DXLL (94.7 FM), broadcasting as 94.7 Power Radio, is a radio station owned by Rizal Memorial Colleges Broadcasting Corporation and operated by Christian Media Management, a subsidiary of Laforteza Group of Companies. The station's studio and transmitter are located along Broadcast Ave., Shrine Hills, Matina, Davao City.

History
The station was established in 1995 as Mellow Touch 94.7 under the ownership of FBS Radio Network. The station closed in late 2006 due to poor management that led to bankruptcy. In June 2007, the station was re-opened under new management of J-TvR Tri-Media Services. It only managed DXLL for only a year due to conflict with lease contract. FBS took back the station and re-leased it to JKZ Adz Services in June 2008. Since that time, Ateneo de Davao University airs a weekday morning block called Blue Knights FM.

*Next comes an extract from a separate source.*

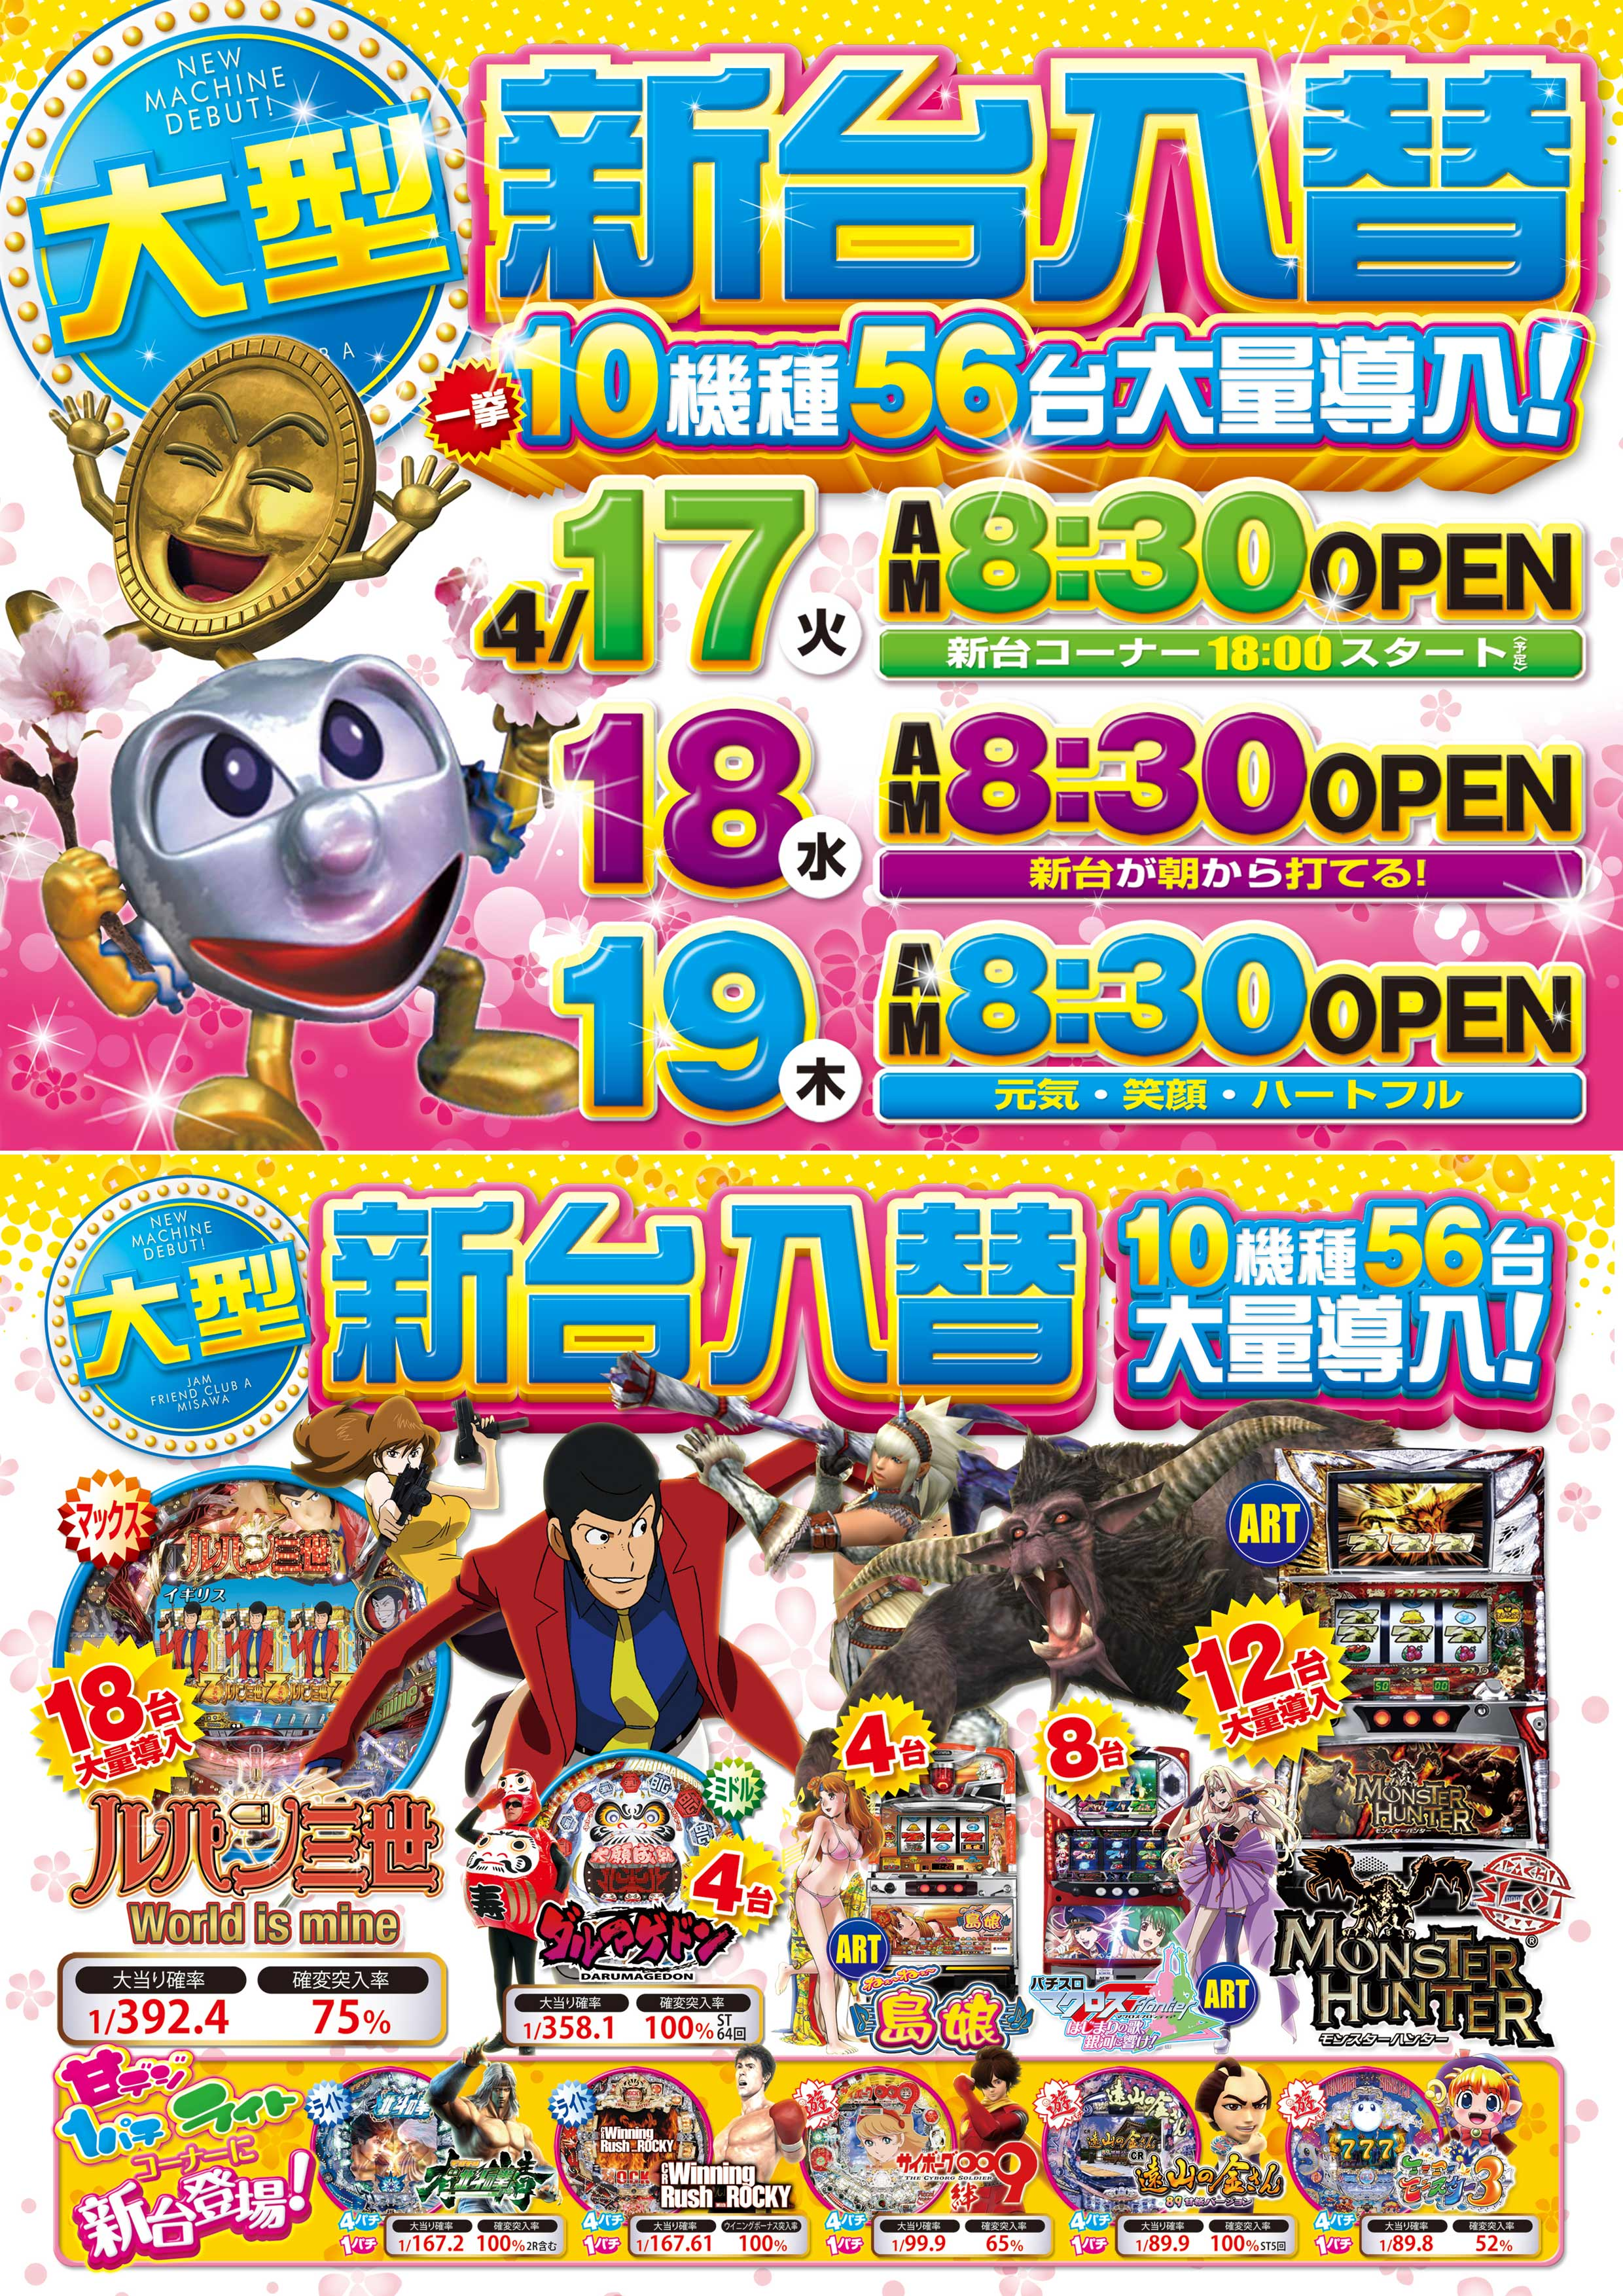 http://jam-fc.jp/information/images/misawa4.17.jpg
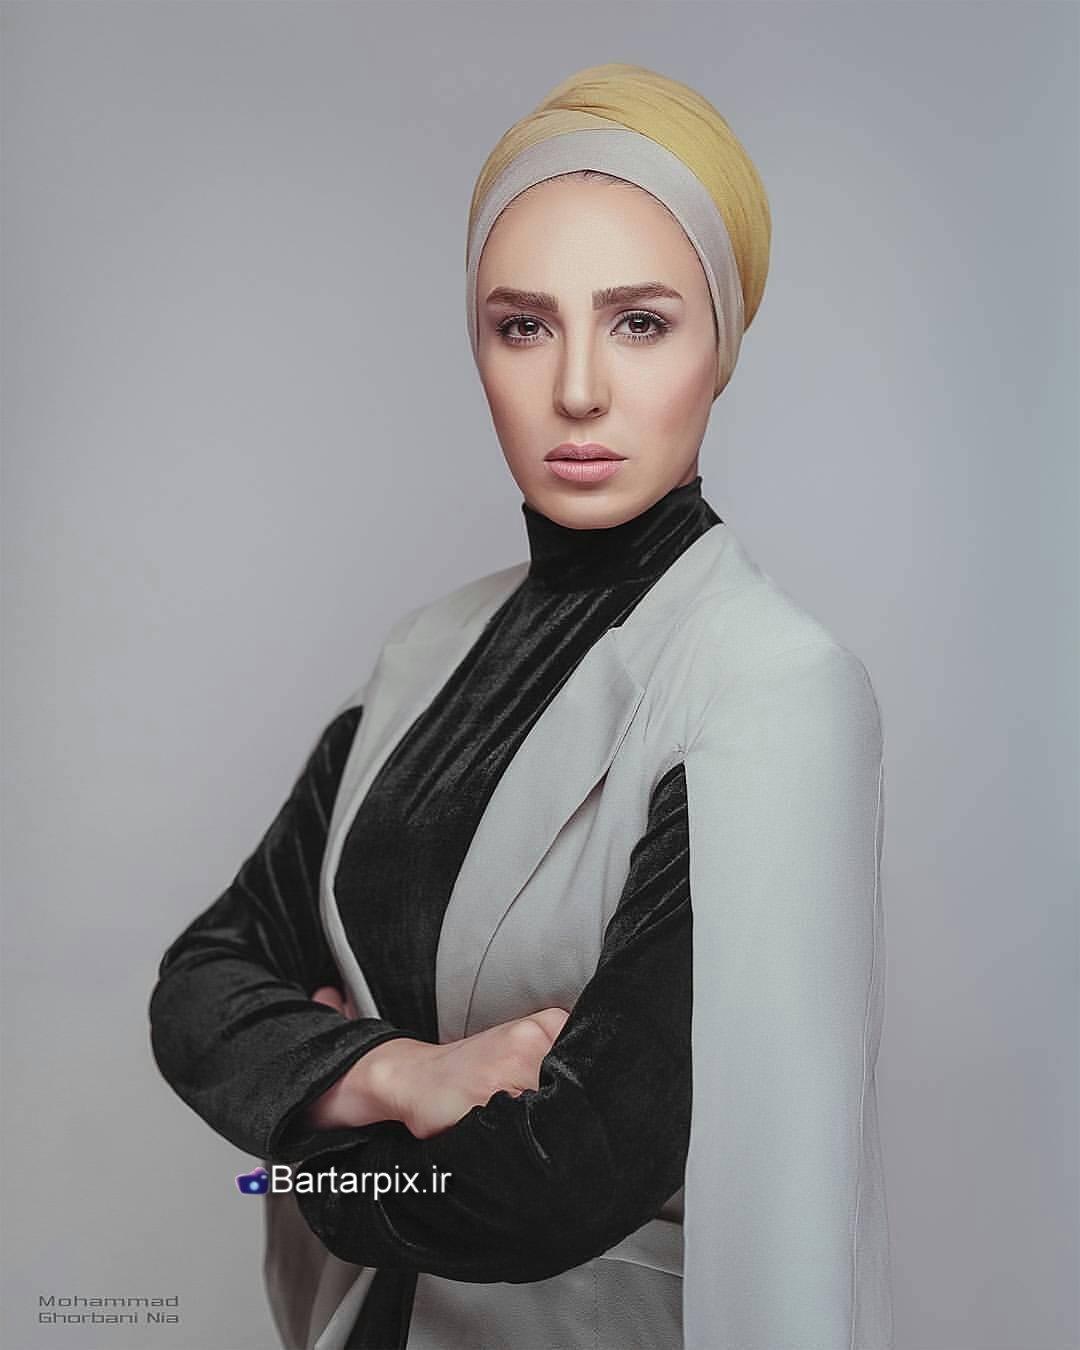 http://s2.picofile.com/file/8262927034/www_bartarpix_ir_sogol_tahmasebi_mordad_95.jpg

In January 2010, FBS took over the management of DXLL after another event of conflicts with its blocktime partner. It relocated to Midland Village in Ma-a. The station maintained the format of easy listen music and added some talk programs to gain more listeners.

In May 2014, RMC Broadcasting acquired the station and rebranded it as 94.7 One Radio with a news and music format. It transferred its studios to Door 1C, Anda Corporate Center along F. Inigo St. On December 2, the station, along with DXRA and most of Radyo ni Juan stations, went off the air due to financial problems.

By the end of January 2021, the station went back on air, this time as 94.7 Power Radio. It relocated to its transmitter site in Shrine Hills.